* [Problem]: The required output is the lines from the one with "Diamonds Weight: 0.50 carat" through the end of the data, repeated verbatim, with no pictures included.

* [Dataset excerpt]:
·····

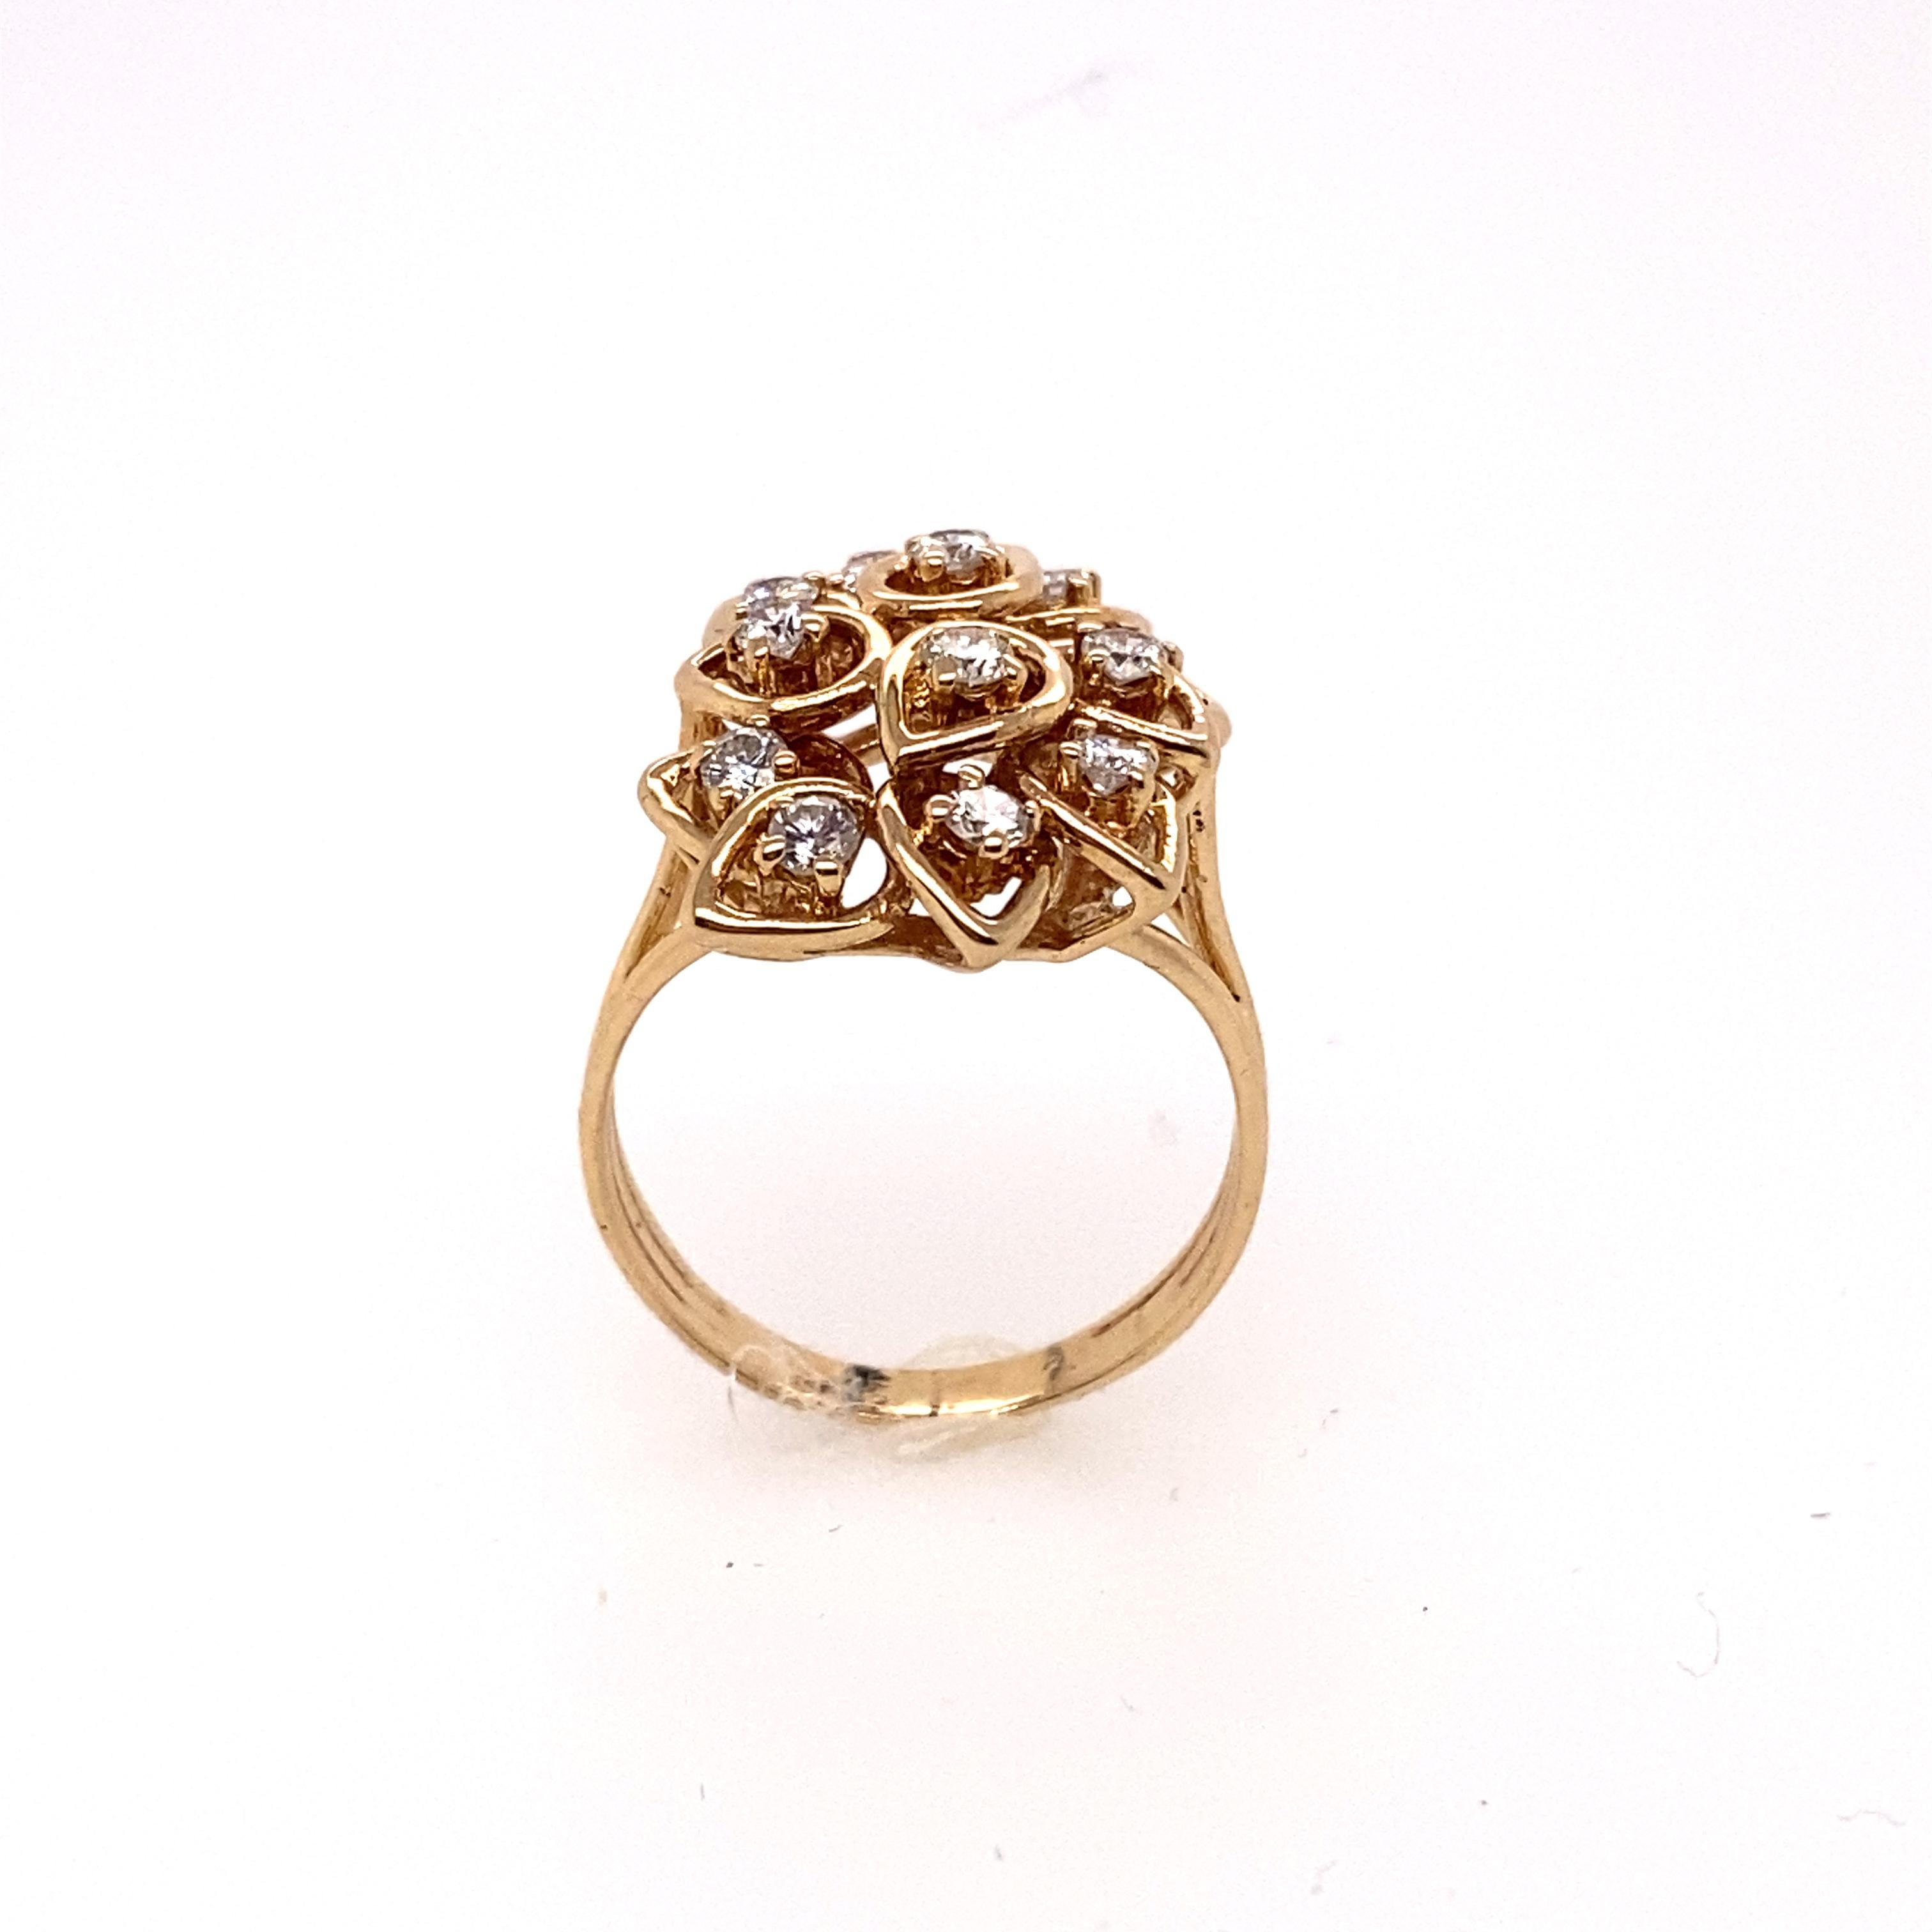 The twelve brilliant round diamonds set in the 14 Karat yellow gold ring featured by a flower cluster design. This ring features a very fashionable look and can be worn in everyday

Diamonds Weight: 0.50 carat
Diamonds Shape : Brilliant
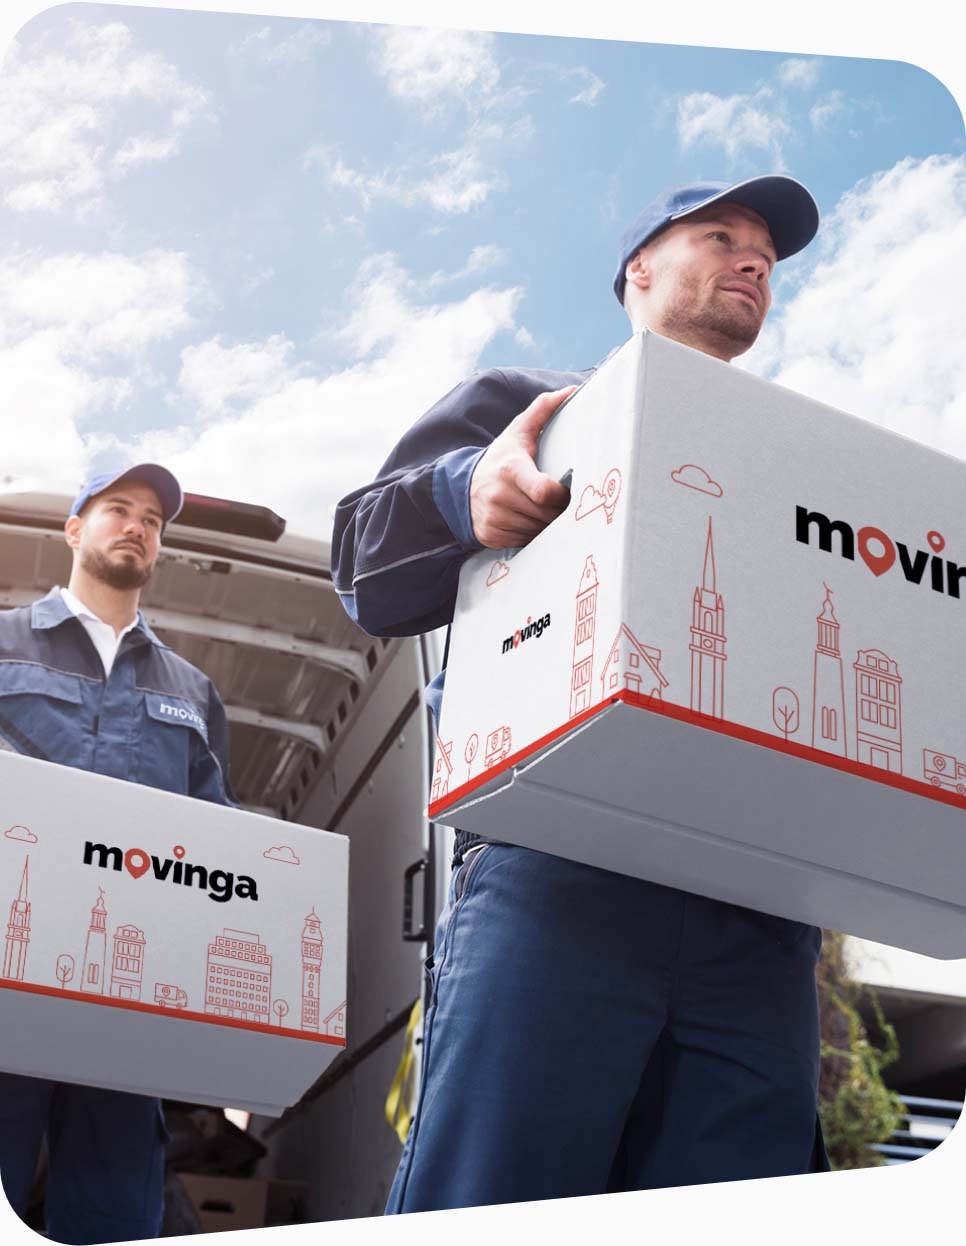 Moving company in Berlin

·····

* [Completed exercise]:
Diamonds Weight: 0.50 carat
Diamonds Shape : Brilliant
 Moving company in Berlin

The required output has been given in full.